Look in the listing below for the line that has "HB Cable Design", then return it and each following line up to and including the one with "Christian retreat center Wisconsin", exactly and without pictures.
(Provided records Opens)
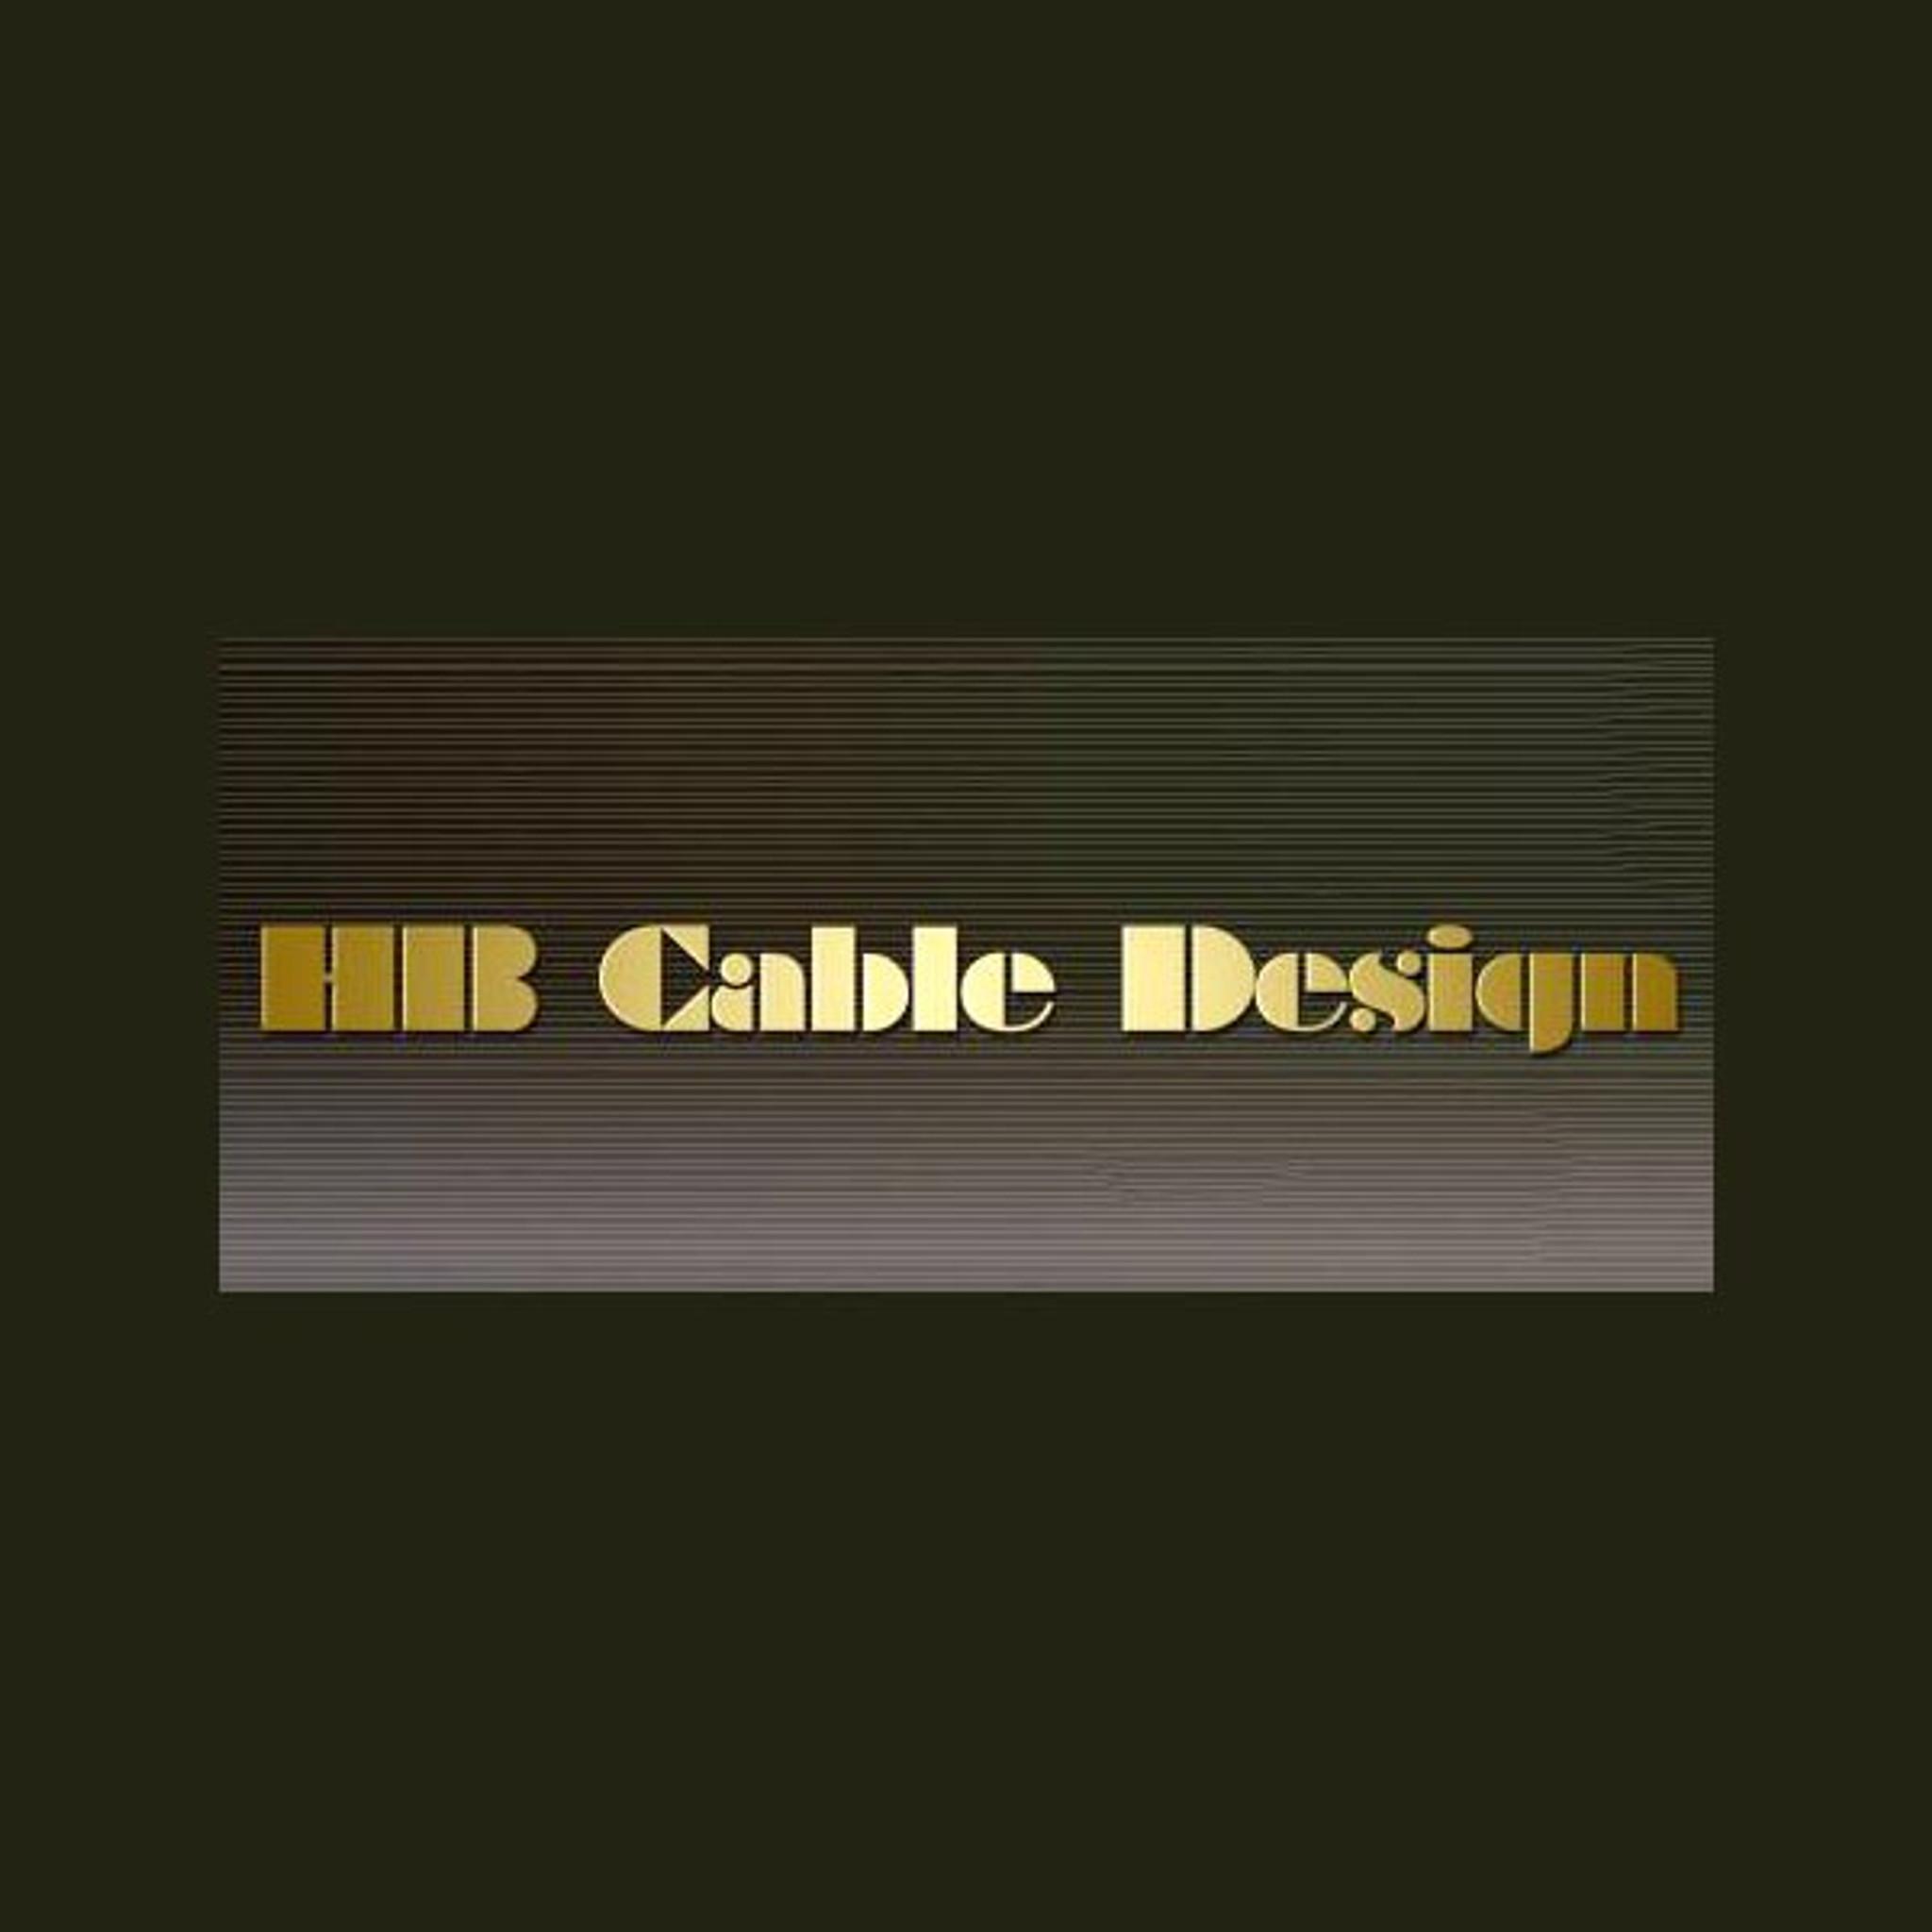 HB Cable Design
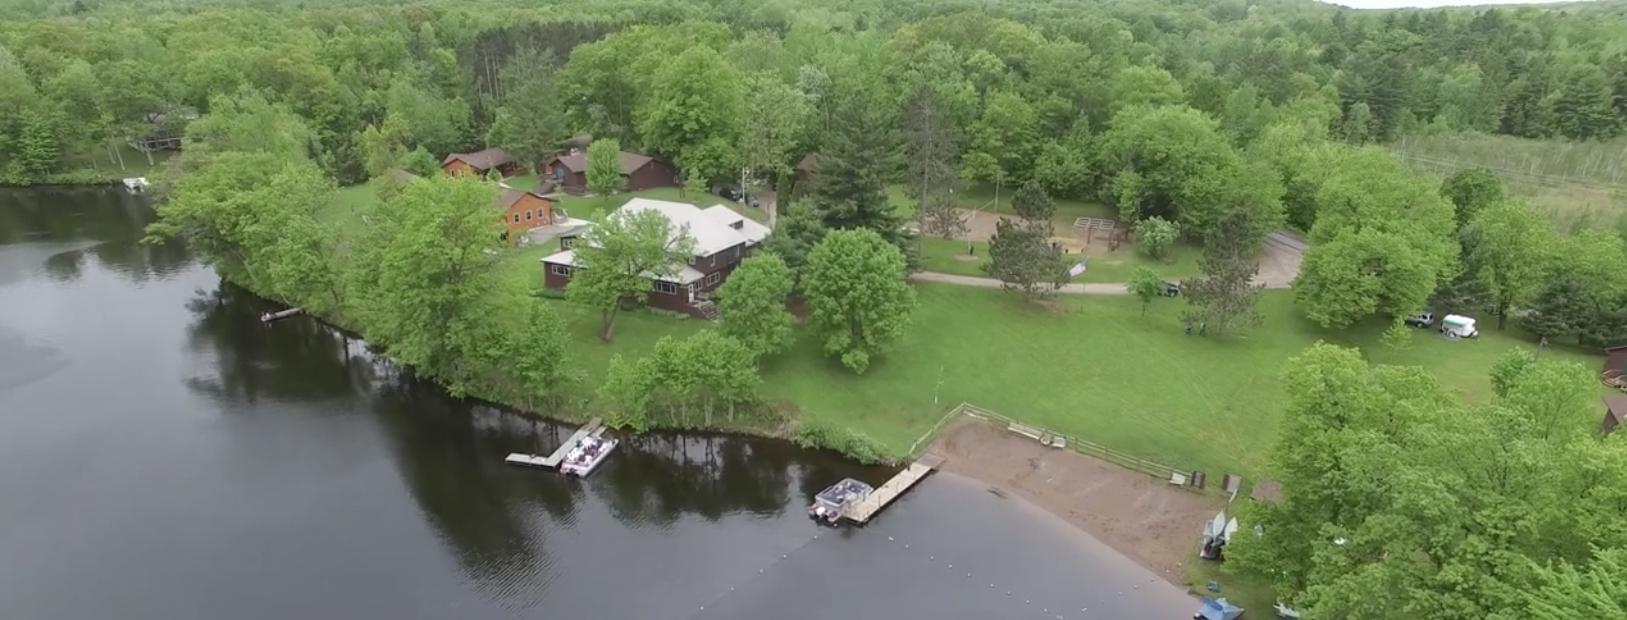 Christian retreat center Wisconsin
(Provided records Closes)
(Provided records Opens)
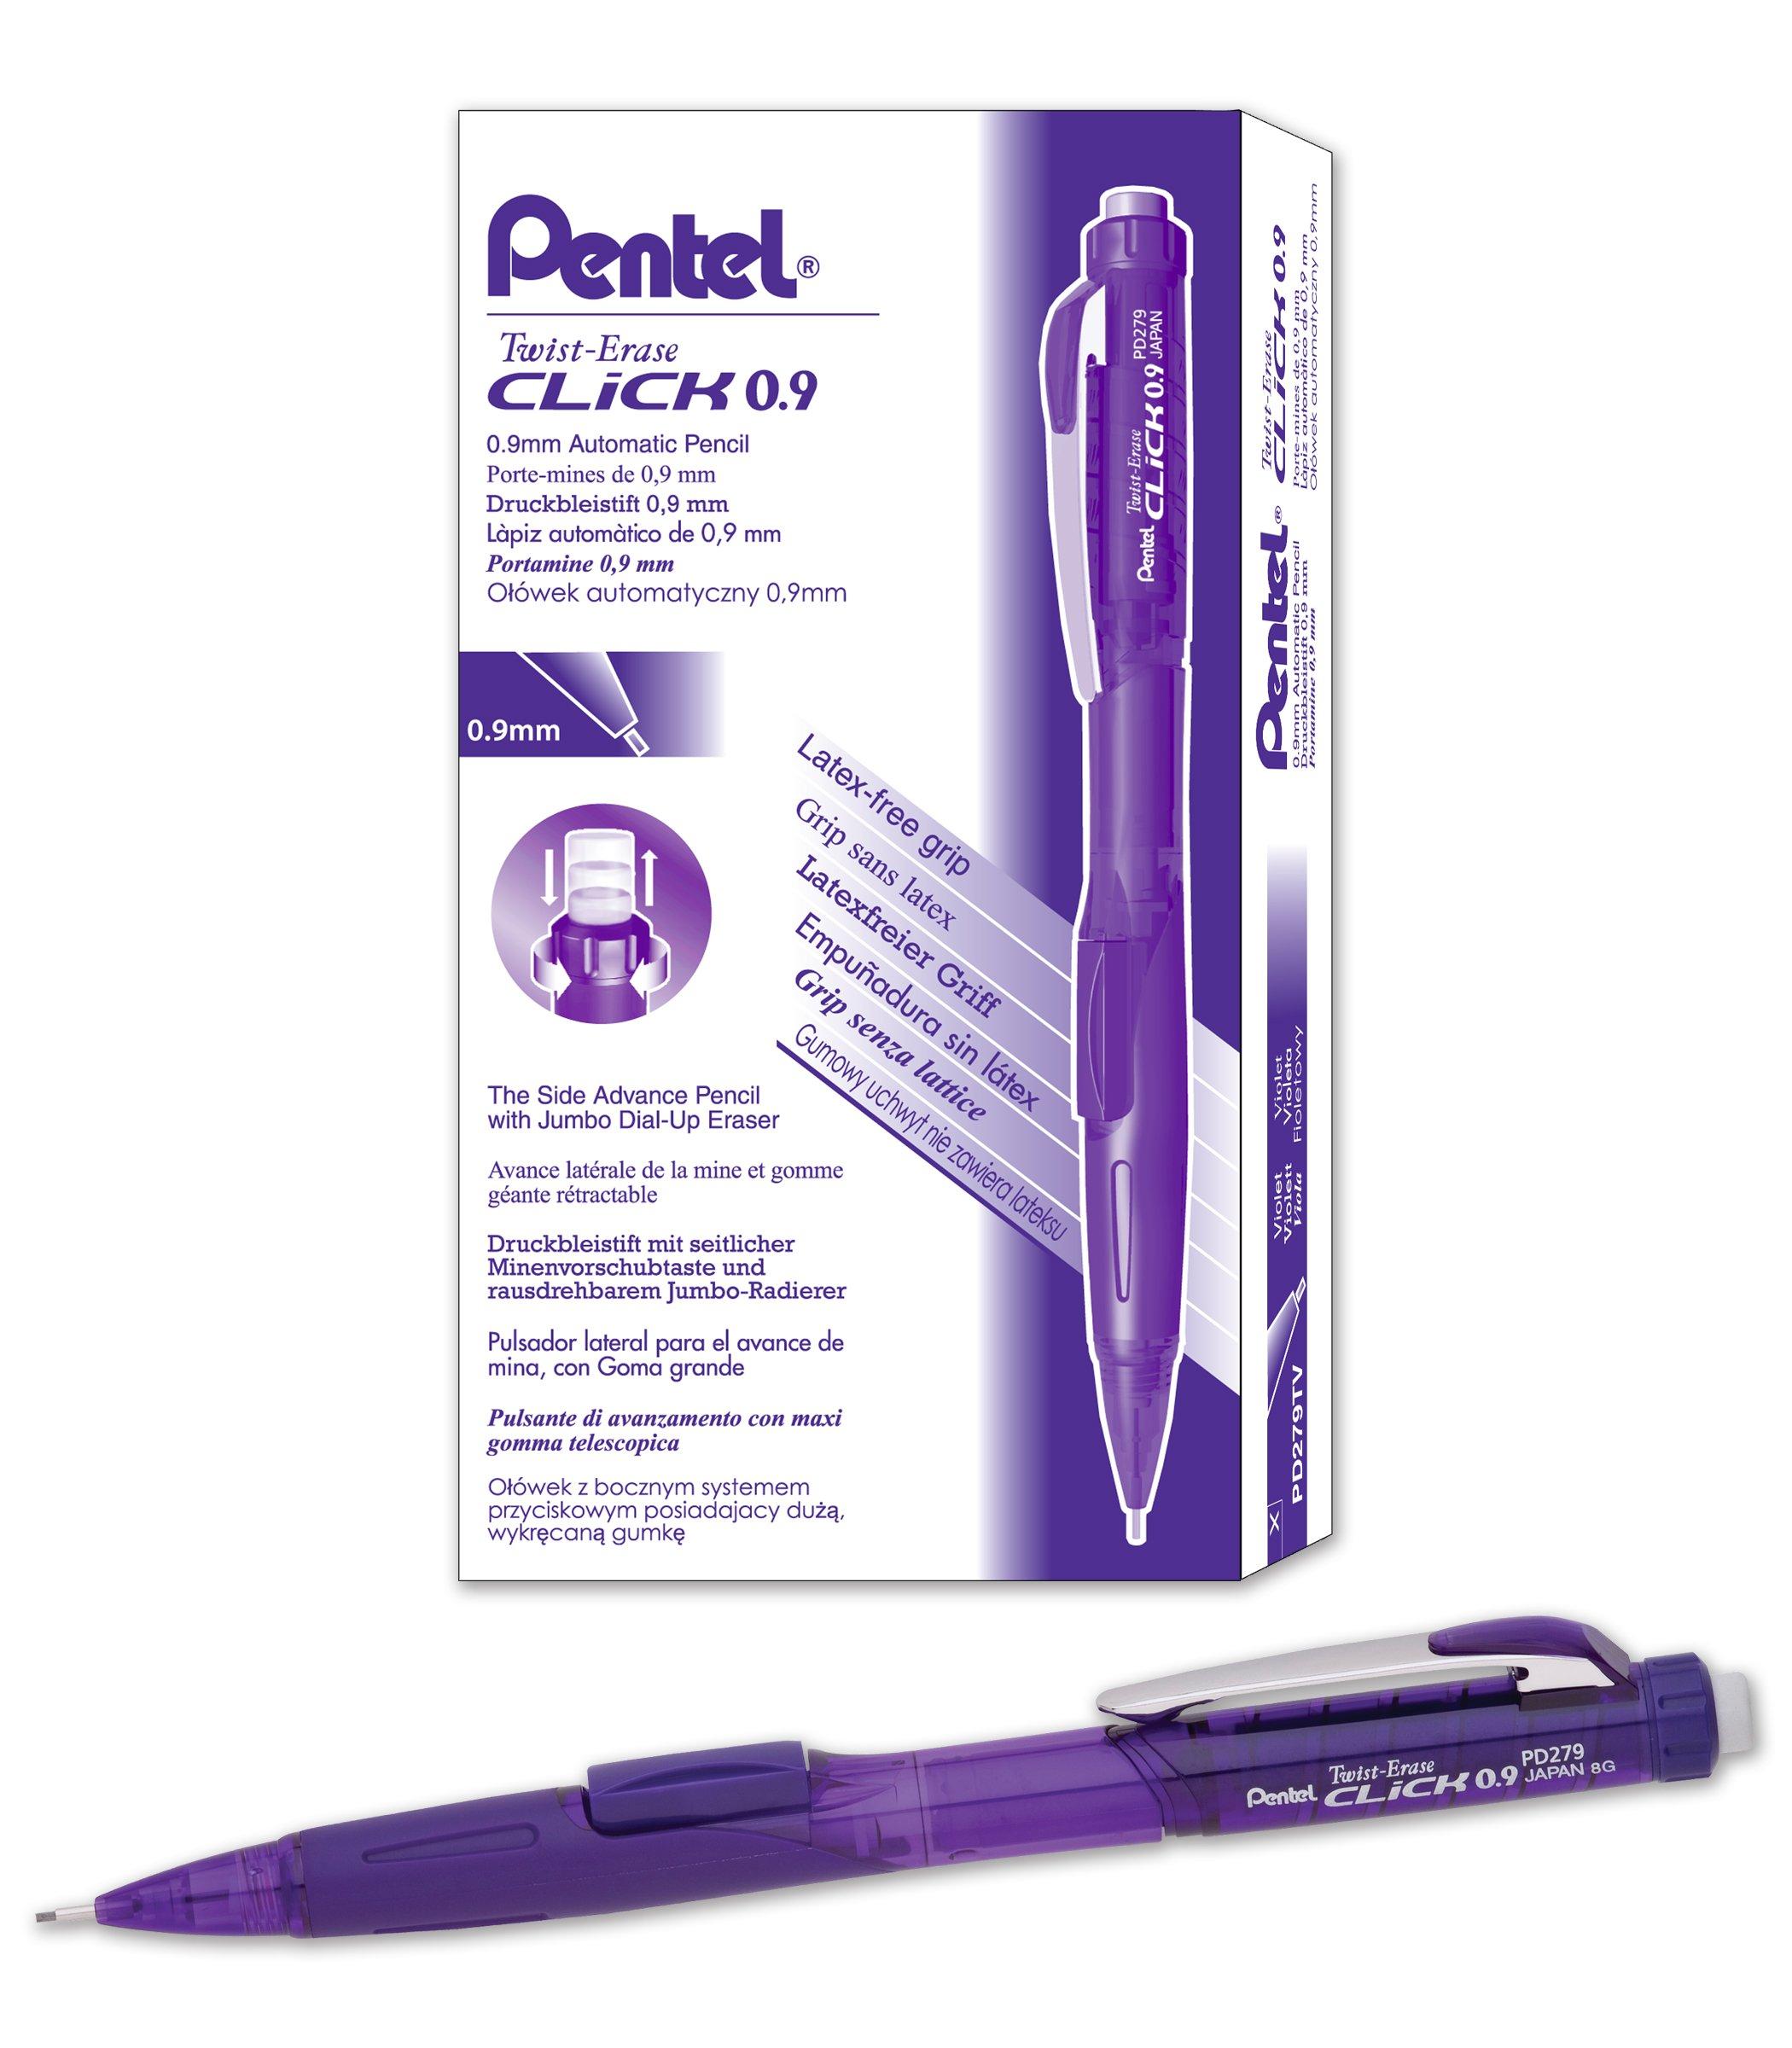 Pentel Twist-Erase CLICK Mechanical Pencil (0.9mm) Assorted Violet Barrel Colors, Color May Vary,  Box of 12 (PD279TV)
(Provided records Closes)
> _Answer space_:
 HB Cable Design
 Christian retreat center Wisconsin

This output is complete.